These regional patterns matter because they are not random. They reflect structural differences in state-level policy infrastructure, edtech investment capacity, school board cultures and the degree to which districts/schools feel supported by state-level guidance. Thus, a student’s relationship with AI in school is, in part, a function of where they live.
State Guidance Matters, But Its Influence Is Uneven
Of the 122 districts/schools in the dataset, 63% are in states with officially published AI guidance from the state department of education. However, only 15.6% explicitly reference state guidance in their own policy documents. This decoupling of state guidance from local policy development is one of the most important findings from the dataset.
States have done significant work: as of early 2025, more than 28 states had published AI guidance for K–12 schools. But that guidance is not reliably making its way into district/school policy. By and large, districts/schools are writing their own frameworks without anchoring to the resources states have developed, or they are not writing frameworks at all.
When state guidance becomes a legal mandate, district- and school-level policy follows. When it remains advisory, districts/school adoption is inconsistent. States that have published guidance but have not mandated adoption should consider what additional supports, such as model policies, technical assistance and tiered implementation tools, would help districts/schools move from awareness to action.
Most Policies Speak to Students, Not Systems
Nearly two-thirds (65%) percent of policy documents in the dataset list students as the primary audience. Only 22% have policies explicitly addressed to both students and staff. Just one organization has a policy focused primarily on staff.

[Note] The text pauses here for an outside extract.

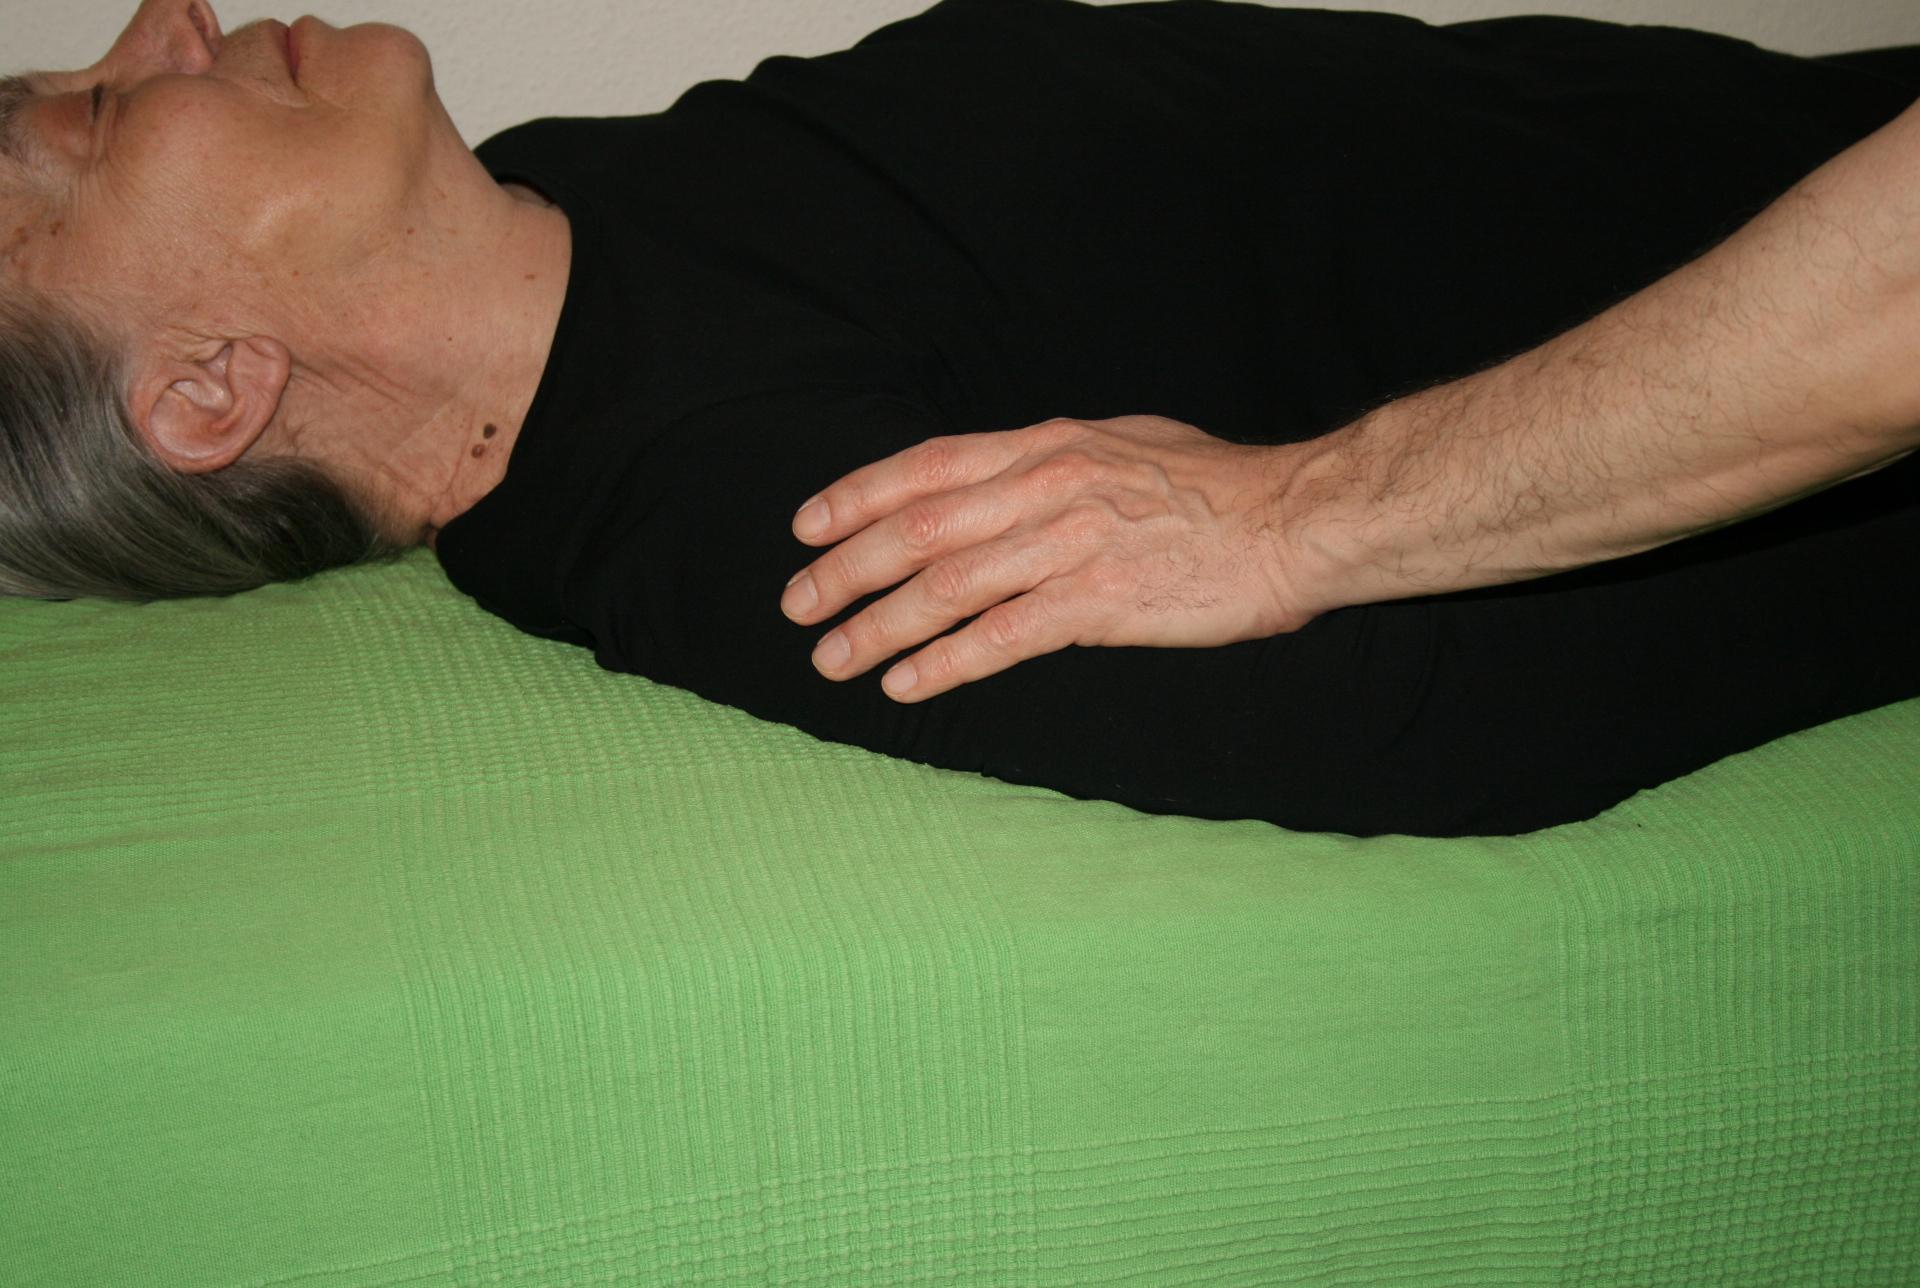 Billedet viser en en klient, der får behandling mod smerter i overarmen.

This distribution reveals a gap: most AI policy in K–12 education is framed as student conduct governance, not as institutional strategy. The policies answer the question of what students can do with AI far more often than they address how the district/school should use AI to better serve students.
Policies that focus exclusively on student behavior miss the larger organizational dimensions: How are teachers being trained to use AI responsibly? How is the district/school vetting AI tools for data privacy and algorithmic bias? How is the district/school protecting staff and student data? How is leadership thinking about the role of AI in special education, multilingual learner support, or mental health services? These questions require policy that speaks to the whole organization, not just to student handbooks.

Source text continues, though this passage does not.